ASSIGNED TASK |
Your copy of the entries must be exact, and it must not include the pictures.

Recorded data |
════════════════

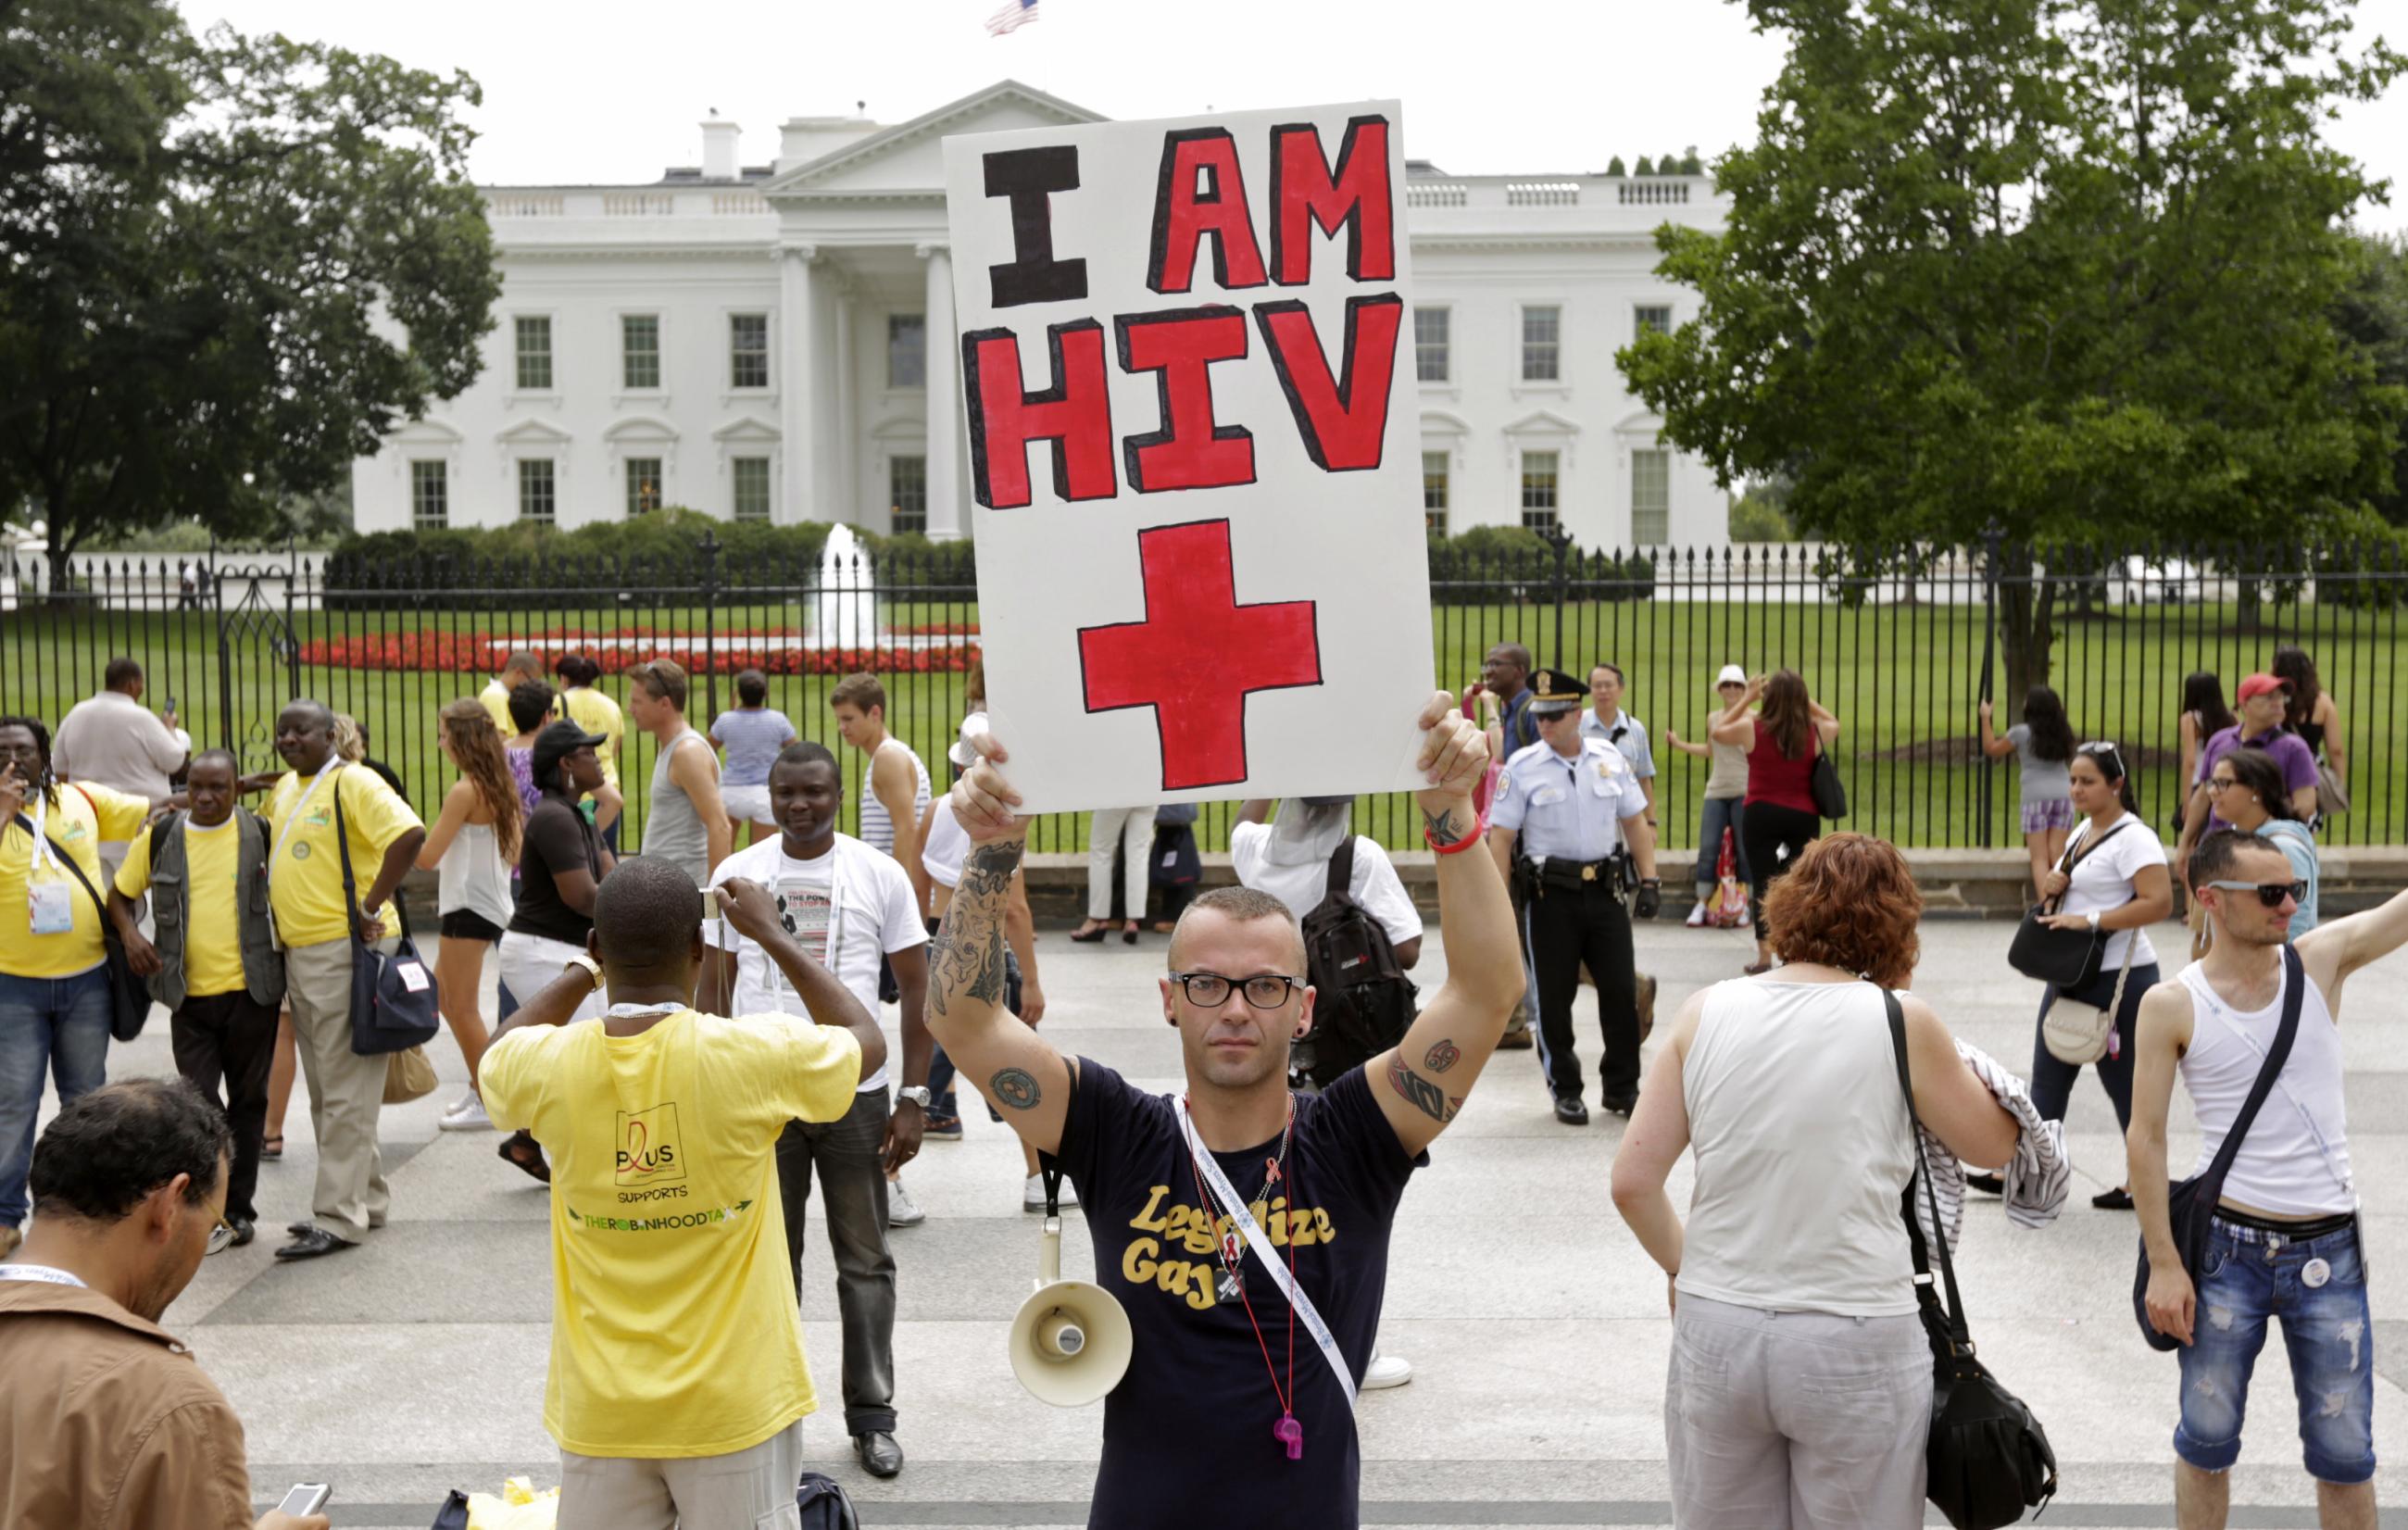 A man takes part in a demonstration in front of the White House.
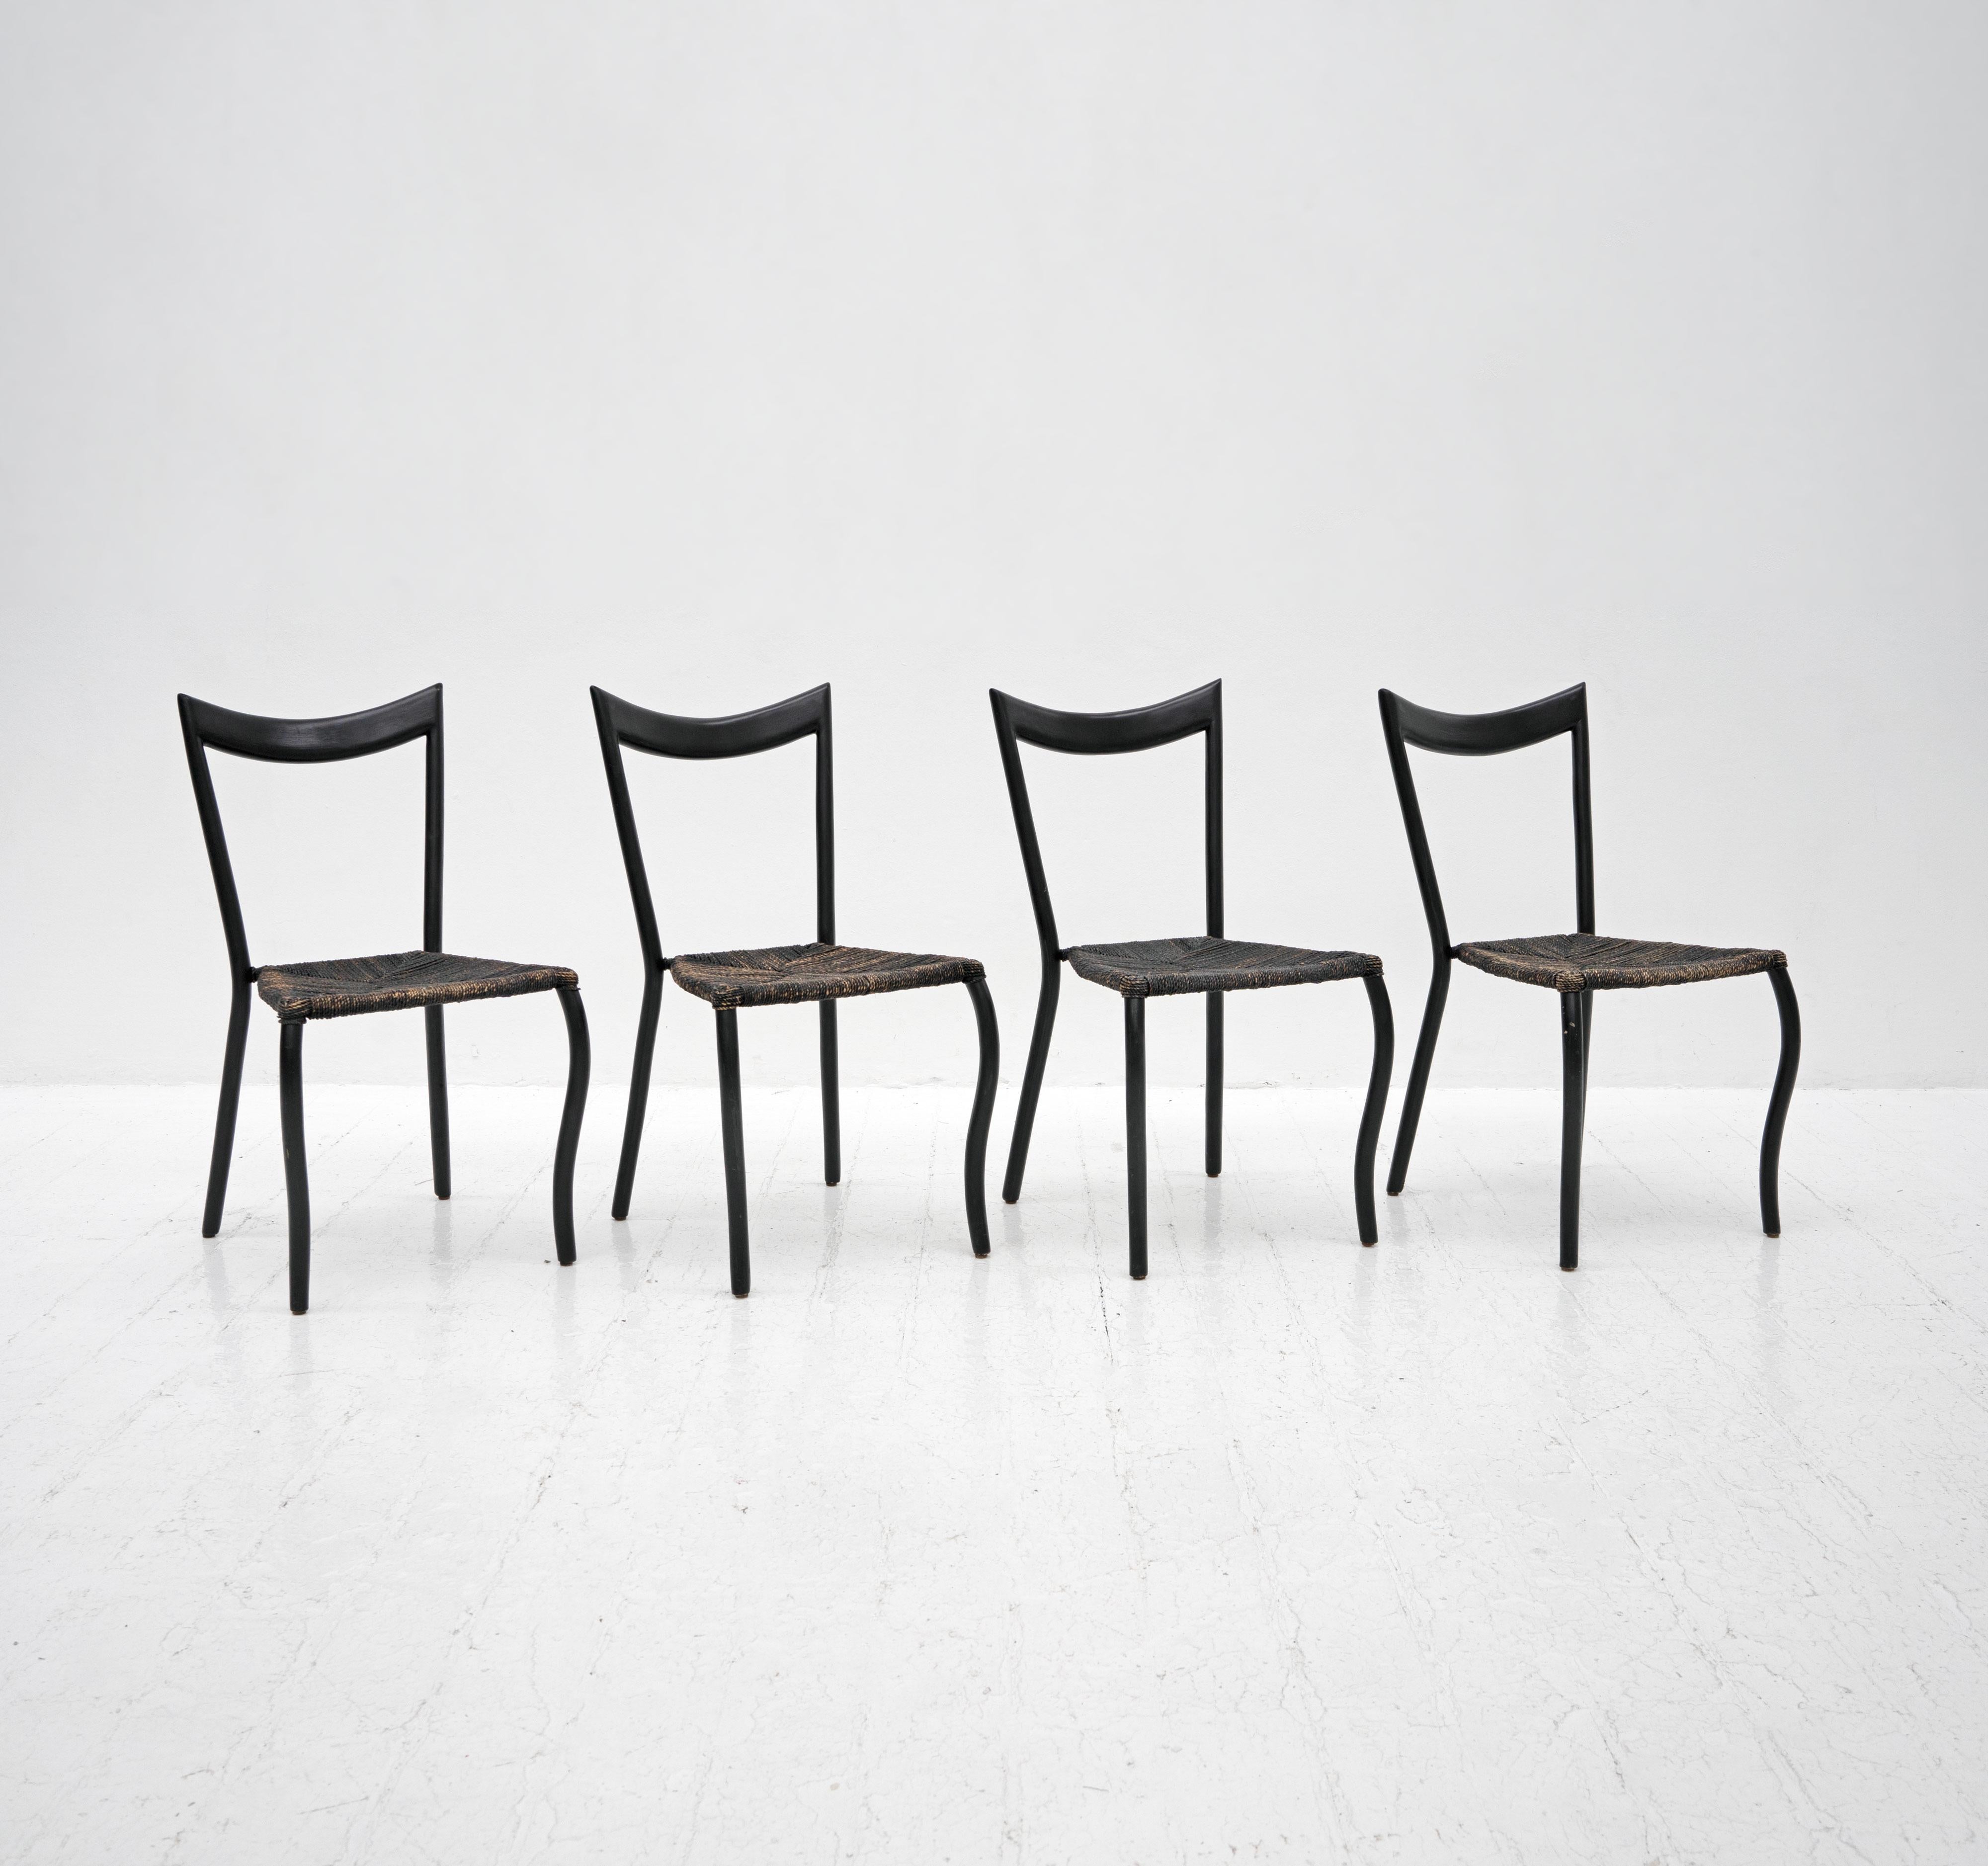 A set of 4 'Manila' dining chairs designed by Val Padilla and retailed by Conran in the 1980's. Composed from black lacquered wooden frames and woven, stained seagrass seats. 

Dimensions (cm, approx):
Height: 89
Width: 53
Depth: 57

════════════════

SOLVED PROBLEM |
 A man takes part in a demonstration in front of the White House.
 A set of 4 'Manila' dining chairs designed by Val Padilla and retailed by Conran in the 1980's. Composed from black lacquered wooden frames and woven, stained seagrass seats. 

Dimensions (cm, approx):
Height: 89
Width: 53
Depth: 57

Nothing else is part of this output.